Ольга Николаевна накладывала в тарелки винегрет и рассказывала:

— А мы вчера отпраздновали Раину свадьбу… — Хозяйка так и светилась вся тихим материнским счастьем. — Народу было — полная гостиная! Яблоку негде упасть. Наши ведь такие дружные, такие отзывчивые, приехали даже из дальних деревень, со станций! А весело было!.. — Она глянула на задумчивую Лину, как бы ожидая от дочери подтверждения своих слов.

— Да-а, — несколько принужденно оживилась Лина.

— И кто же он, жених? — спросил рассеянно Климов.
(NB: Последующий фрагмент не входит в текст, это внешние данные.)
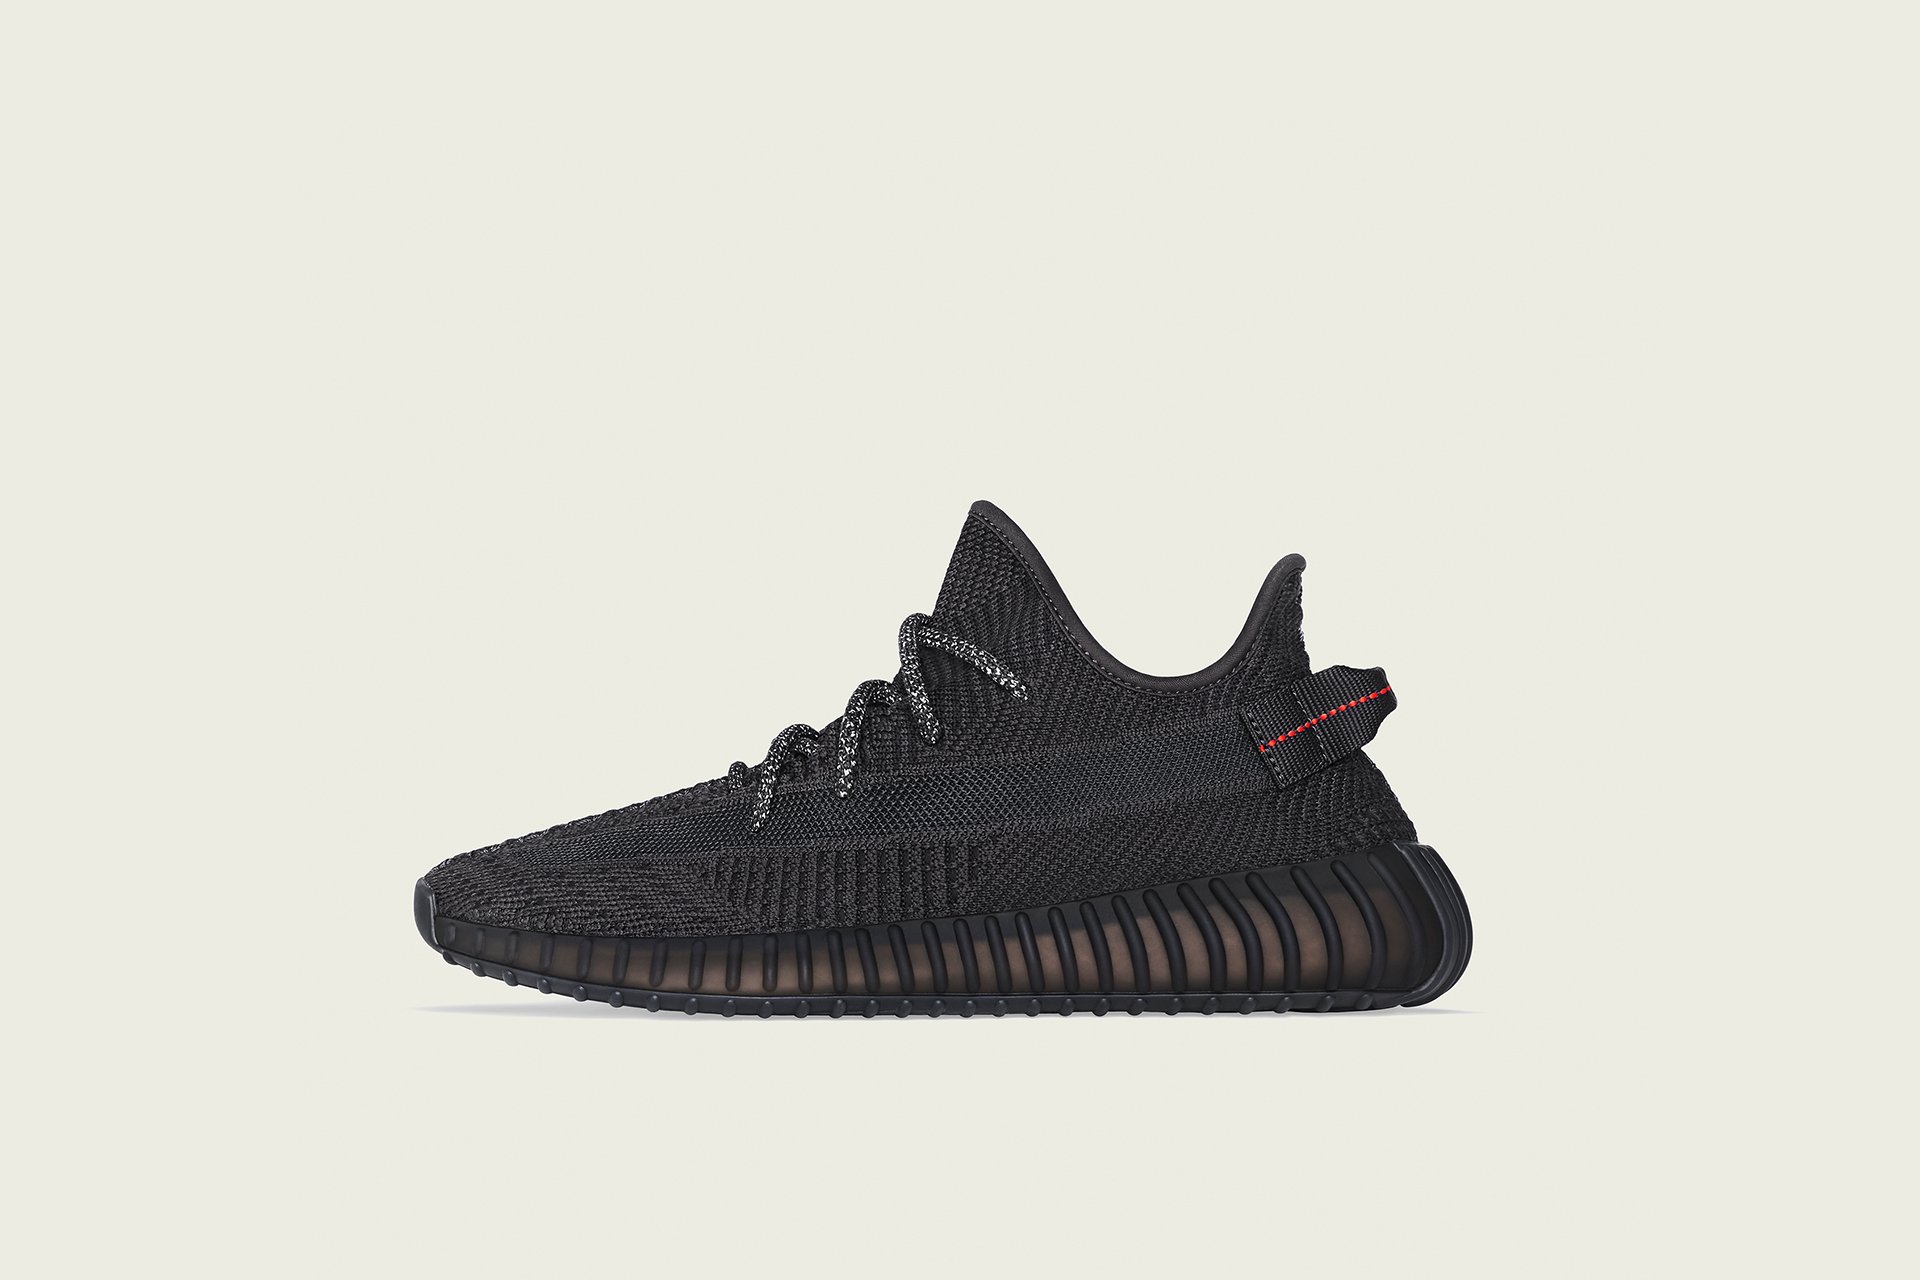 Plow Motivate Much ADIDAS YEEZY BOOST 350 V2 , BLACK - Footshop - Releases
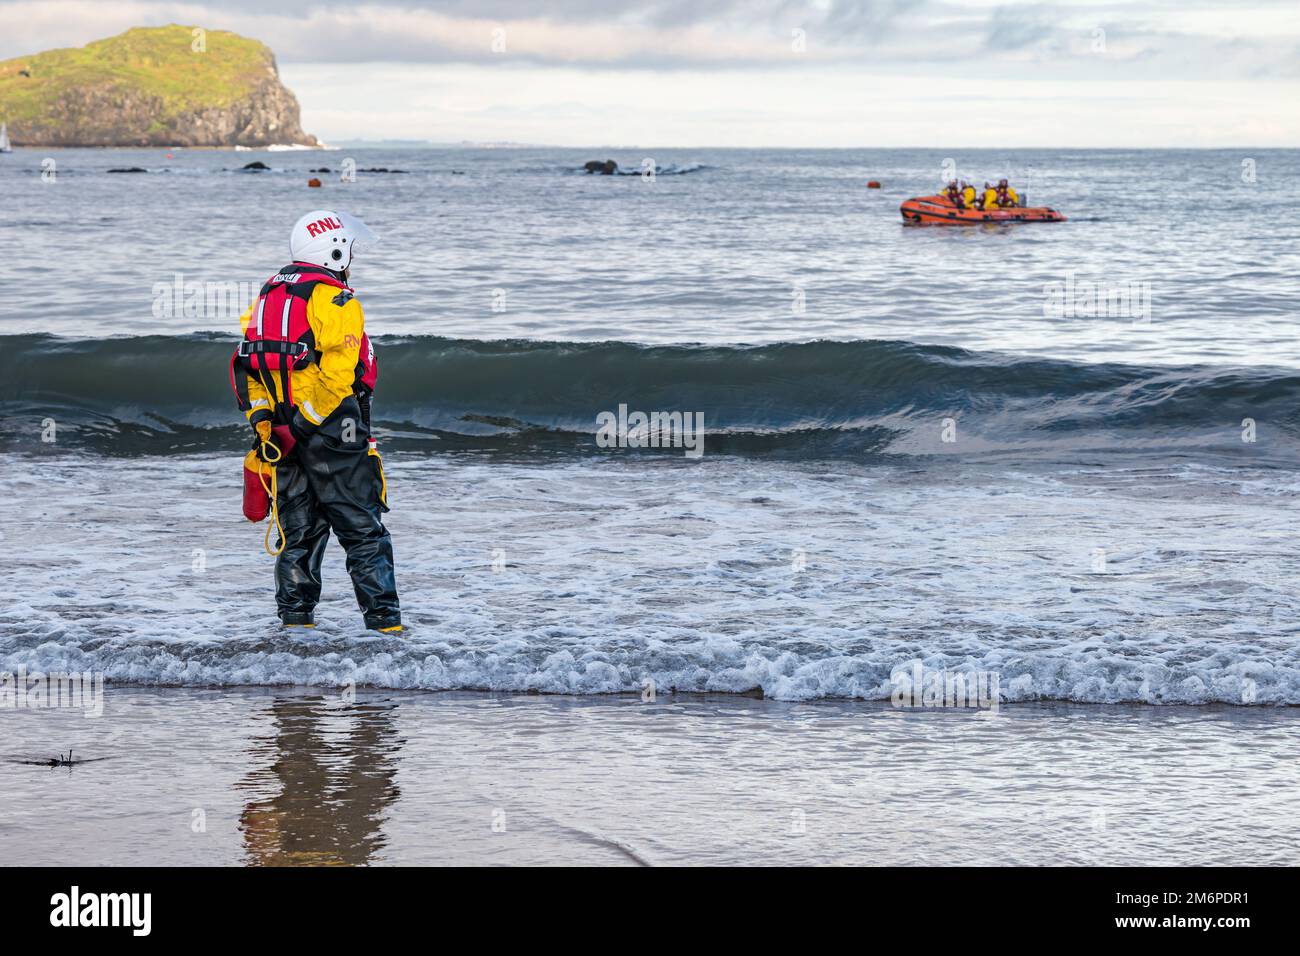 Royal National Lifeboat Institution (RNLI) inflatable boat and crew member on beach, Firth of Forth, North Berwick, East Lothian, Scotland, UK Stock Photo

— Чудесная семья! — воскликнула Ольга Николаевна. — Мы с ними давно дружим. У них шестеро детей… тоже все верующие. Павлик — старший… Так весело, так весело было!.. Ели только почему-то мало, — с сожалением добавила хозяйка. — Я наготовила всего много, и вот почти все осталось.

Климов глянул — и правда, в кухне, в различных мисках и кастрюлях было множество всякой еды: стряпня, салаты, винегрет… И Климов попытался представить веселое застолье баптистов, однако представить никак не удавалось. Какое же может быть веселье, да еще на свадьбе, без капли вина?.. Без звона бокалов, без хлопанья пробок, без криков «горько!», без веселого застольного гама? Тут хоть тресни — особого веселья не получится. Немудрено, что гости ничего не ели. Выпили бы по рюмочке, так улетела бы вся закуска, и попели бы, и поплясали, и жениху с невестой запомнилось бы на всю жизнь… А так какое же это веселье, какая свадьба!..

И как ни расписывала хозяйка прелести прошедшей свадьбы, как ни светилась довольством, Климов ей не верил. Какая-то фальшь, желание пустить пыль в глаза чудились Климову в интонации мамаши, вот, мол, как у нас хорошо и весело, и какие мы вообще славные и веселые люди!..

«Все они стараются внушить мне… „обрабатывают“ меня…» — с неприязнью думал он. Винегрет с трудом лез ему в горло, будто в нем, в этом винегрете, в маслянистых кусочках белой картошки, рыжей моркови и красной свеклы был привкус чего-то баптистского, даже мертвецкого…

«Глупости, — говорил себе Климов, — винегрет как винегрет…» — Однако глотал-таки с трудом.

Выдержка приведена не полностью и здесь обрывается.